Ten years have passed, since Tanox was forced to put its TNX-901 program on the shelf. In the meantime, a phase II clinical trial of omalizumab on peanut allergy failed to finish, as a couple of patients suffered anaphylactic reactions during the testing for baseline sensitivity for peanut allergens and the trial had to be suspended.

==Mechanism==
TNX-901 is a humanized anti-IgE antibody with a unique set of binding specificity to human IgE. The therapeutic anti-IgE antibodies, like TNX-901, were designed to neutralize free IgE in the blood and in interstitial space and to target IgE-expressing B lymphocytes via their surface B cell receptors, without triggering the activation of mast cells and basophils, which bear on their surface high affinity IgE receptors, which are essentially fully occupied and armed by IgE. If an ordinary anti-IgE antibody, which does not possess the unique set of binding specificity of CGP51901 or TNX-901, were injected into a human subject, it would probably invariably induce an extensive scale of mast cell and basophil activation and hence the development of anaphylactic shocks. TNX-901 can intervene with the IgE-mediated allergic pathway at the top of the pathway, and hence prevent the down-stream release of pharmacological mediators from activated basophils and mast cells. It was also discovered in the early clinical trials that the depletion of IgE in the blood gradually cause the down-regulation of the high-affinity IgE receptors on basophils, mast cells, and dendritic cells, rendering these cells insensitive to allergen activation.

==Research==
The chimeric form of TNX-901, was made prior to TNX-901 by Tanox in 1988-1989 and later referred to as CGP51901 (CGP is an acronym for “Ciba-Geigy Product”) after Tanox established a partnership with Ciba-Geigy in 1990. CGP51901 was the first anti-IgE antibody to receive an IND (“Investigational New Drug”) approval from the U.S. FDA to be tested in human subjects. Under the collaborative agreement between Tanox and Ciba-Geigy, cGMP-grade CGP51901 was manufactured in a 500-liter bioreactor facility in Tanox in Houston, Texas and a Phase I trial on individuals with pollen sensitivity was carried out in Southampton, UK in 1991–1992, and a Phase II trial on patients with severe sensitivity to mountain cedar pollens was performed in three medical centers in Texas in 1994–1995. Based on the safety and efficacy data of these two trials, a “switch-over” study was performed on TNX-901 and subsequently a double-blinded, randomized, placebo-controlled, and multi-center trial of TNX-901 was designed and performed on patients with extreme sensitivity to peanuts.

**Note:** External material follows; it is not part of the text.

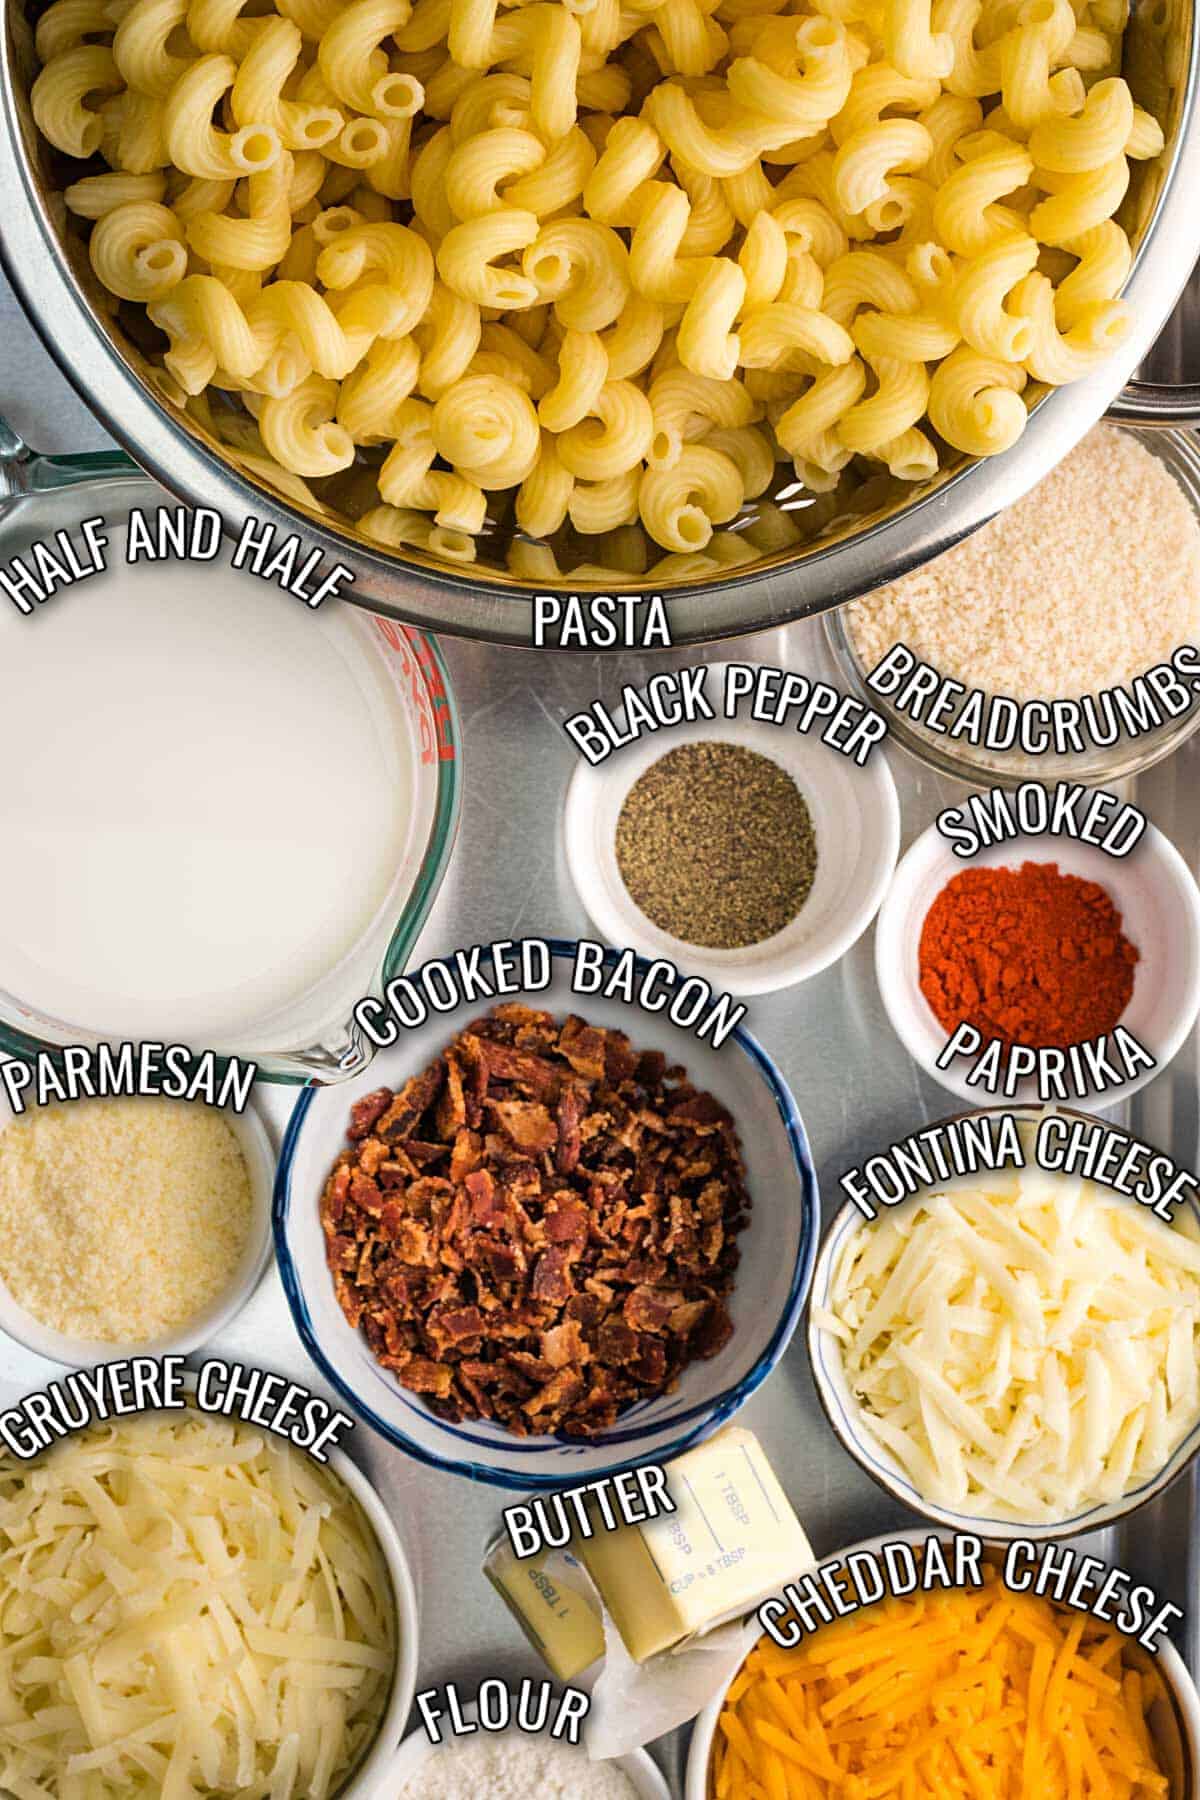 ingredients for longhorn steakhouse mac and cheese recipe.

The clinical trial results indicate that with the administration of TNX-901, patients, who could tolerate an average of half a peanut before the treatment, were able to ingest up to 9 peanuts before they started to have allergic reactions. Therefore, TNX-901 cannot cure peanut allergy, but could protect patients from the often violent and life-threatening reactions upon the accidental exposure to peanut. Note that this clinical study was not done on patients who were known to develop deadly anaphylactic reactions to minute traces of peanut.

==Similar drugs==
Another anti-IgE antibody with identical antigen-binding characteristics is already on the market for allergic asthma and immunoglobulin E-mediated food allergy, under the trade name Xolair (omalizumab). Omalizumab is an anti-IgE monoclonal antibody, which was placed in a development program under a tripartite partnership formed by Tanox, Novartis, and Genentech in 1996. Xolair was originally approved solely to treat severe persistent allergic forms of asthma and nasal polyps, but in February 2024, the FDA approved it also to treat severe food allergy.